### DATA SHOWN
═══
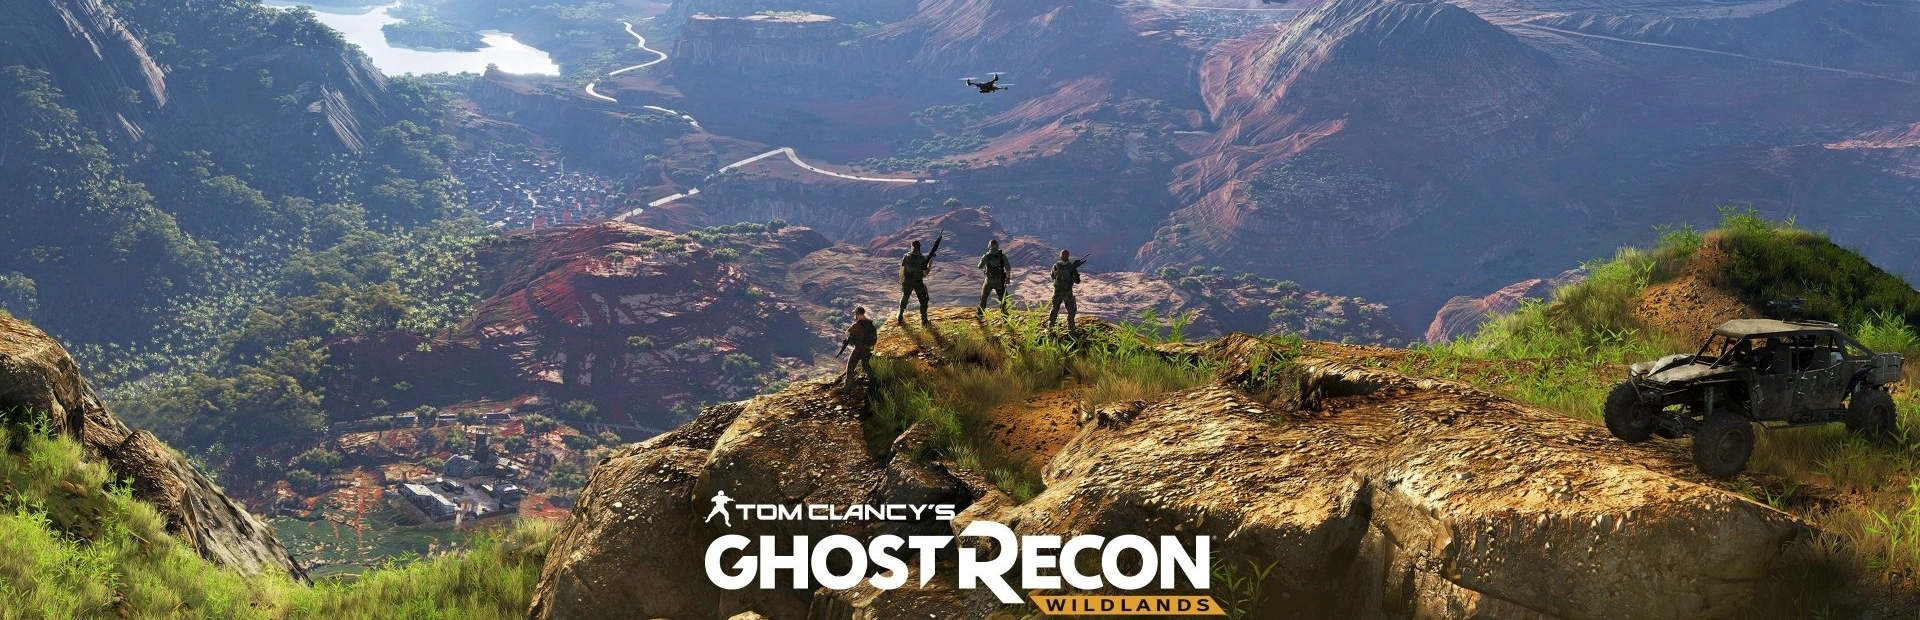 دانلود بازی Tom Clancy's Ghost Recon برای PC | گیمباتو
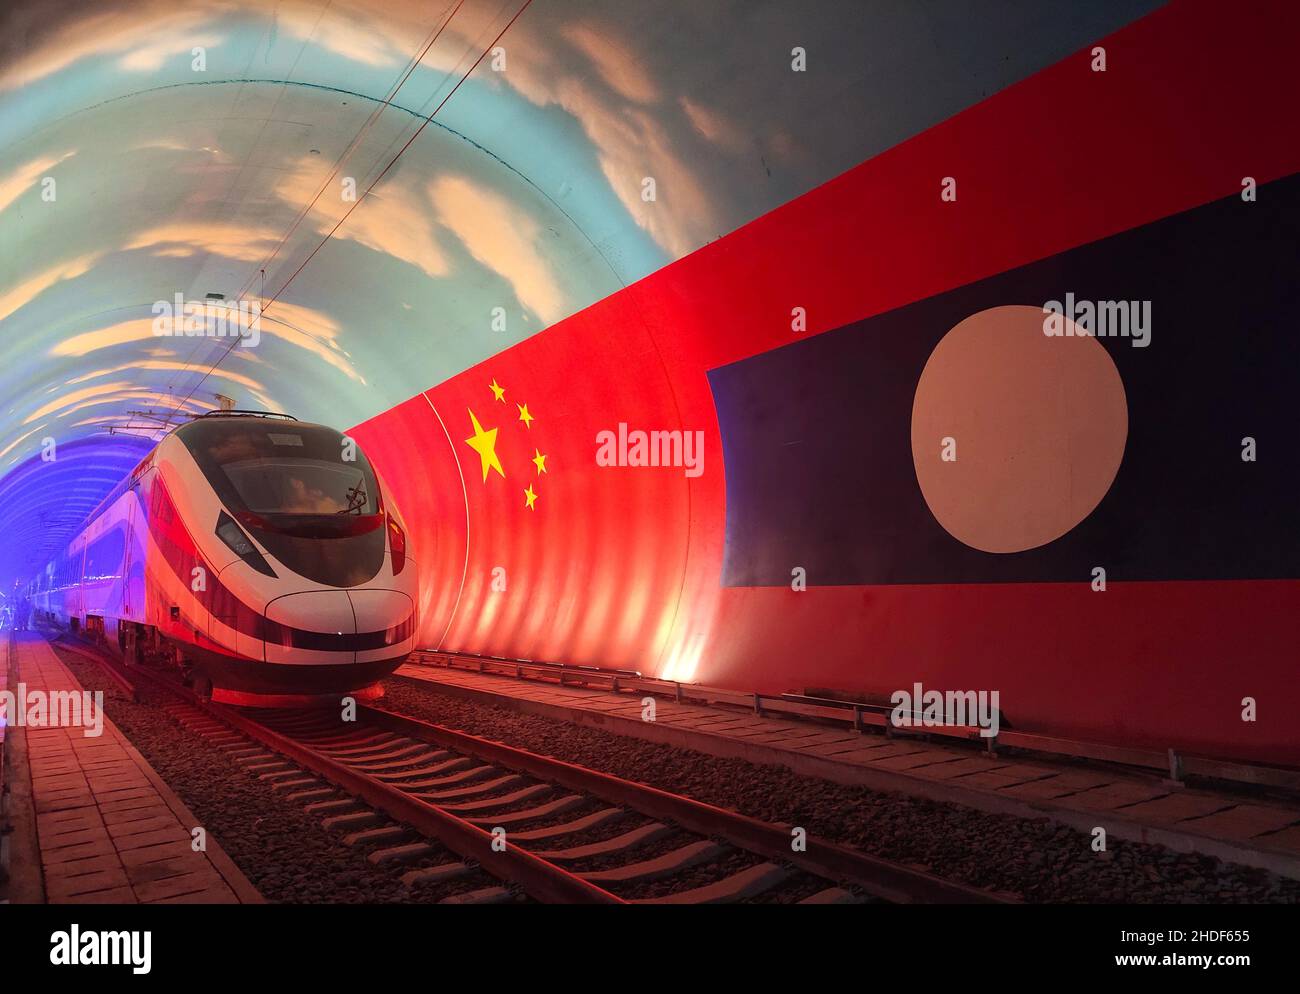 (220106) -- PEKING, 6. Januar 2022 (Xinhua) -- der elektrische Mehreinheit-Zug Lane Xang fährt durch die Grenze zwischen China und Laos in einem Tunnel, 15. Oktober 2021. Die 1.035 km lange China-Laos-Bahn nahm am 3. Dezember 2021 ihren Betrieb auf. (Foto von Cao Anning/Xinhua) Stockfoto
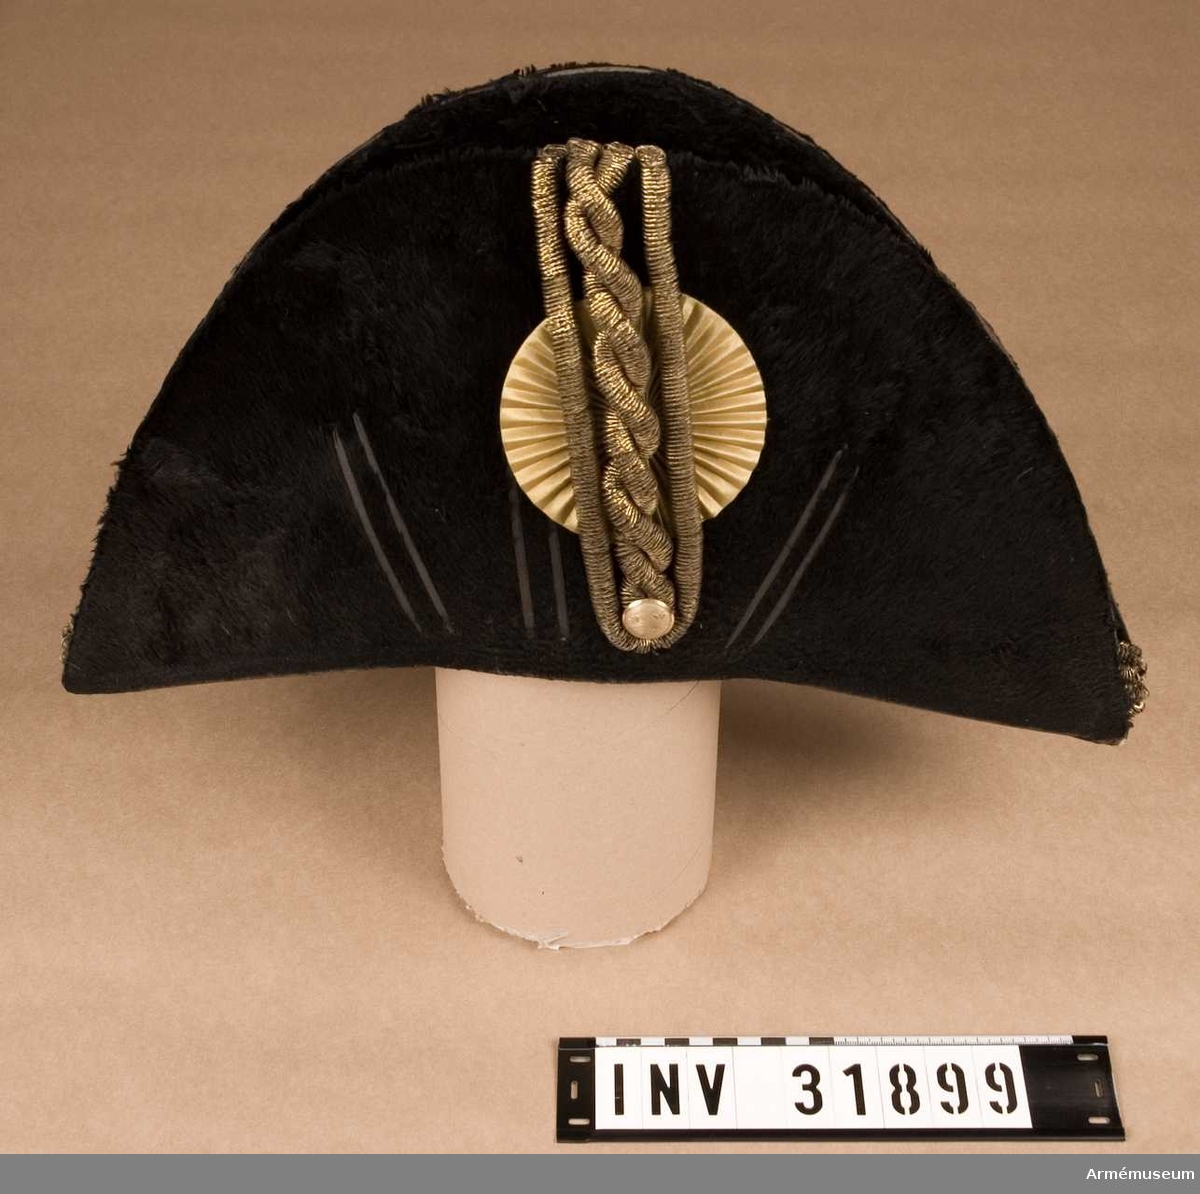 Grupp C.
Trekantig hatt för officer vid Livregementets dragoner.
═══
### INSTRUCTIONS FOR THE TASK
Every line above is to be written out unchanged, with the pictures omitted.

### EXERCISE RESULT
 دانلود بازی Tom Clancy's Ghost Recon برای PC | گیمباتو
 (220106) -- PEKING, 6. Januar 2022 (Xinhua) -- der elektrische Mehreinheit-Zug Lane Xang fährt durch die Grenze zwischen China und Laos in einem Tunnel, 15. Oktober 2021. Die 1.035 km lange China-Laos-Bahn nahm am 3. Dezember 2021 ihren Betrieb auf. (Foto von Cao Anning/Xinhua) Stockfoto
 Grupp C.
Trekantig hatt för officer vid Livregementets dragoner.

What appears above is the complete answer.